10. Il résulte de tout ce qui précède que M. C n’est pas fondé à demander l’annulation de l’arrêté attaqué.
11. Les conclusions à fin d’annulation de M. C devant être rejetées, la présente décision n’appelle aucune mesure d’exécution. Il s’ensuit que ses conclusions à fin d’injonction ne peuvent qu’être rejetées.

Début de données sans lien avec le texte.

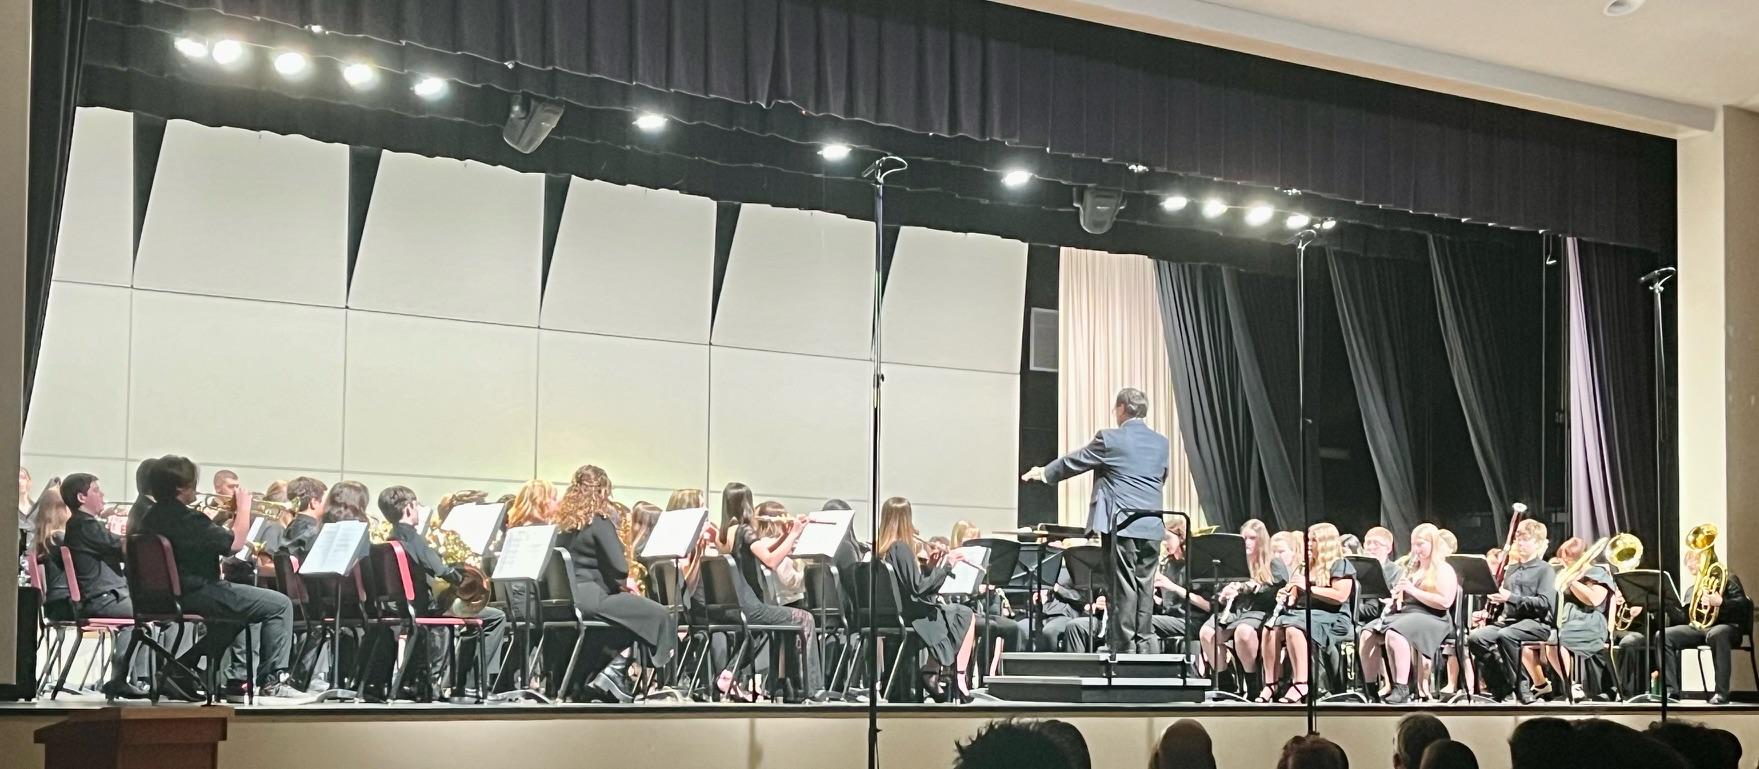 Dr. Jason Worzbyt conducts the music at the Westmoreland County Jr. High Band Festival

12. Les dispositions de l’article L. 761-1 du code de justice administrative faisant obstacle à ce que soit mise à la charge de l’Etat, qui n’est pas la partie perdante, une somme au titre de frais non compris dans les dépens, les conclusions de M. C en ce sens doivent être rejetées.
D E C I D E :
Article 1er : La requête de M. C est rejetée.
Article 2 : Le présent jugement sera notifié à M. A B et à la préfète de la Savoie.
Délibéré après l’audience du 5 juin 2025, à laquelle siégeaient :
M. Thierry, président,
Mme Beytout, première conseillère,
Mme Barriol, première conseillère.
Rendu public par mise à disposition au greffe le 19 juin 2025.
La rapporteure,
E. Barriol
Le président,
P. Thierry La greffière,
A. Zanon
La République mande et ordonne à la préfète de la Savoie en ce qui la concerne ou à tous commissaires de justice à ce requis en ce qui concerne les voies de droit commun contre les parties privées, de pourvoir à l’exécution de la présente décision.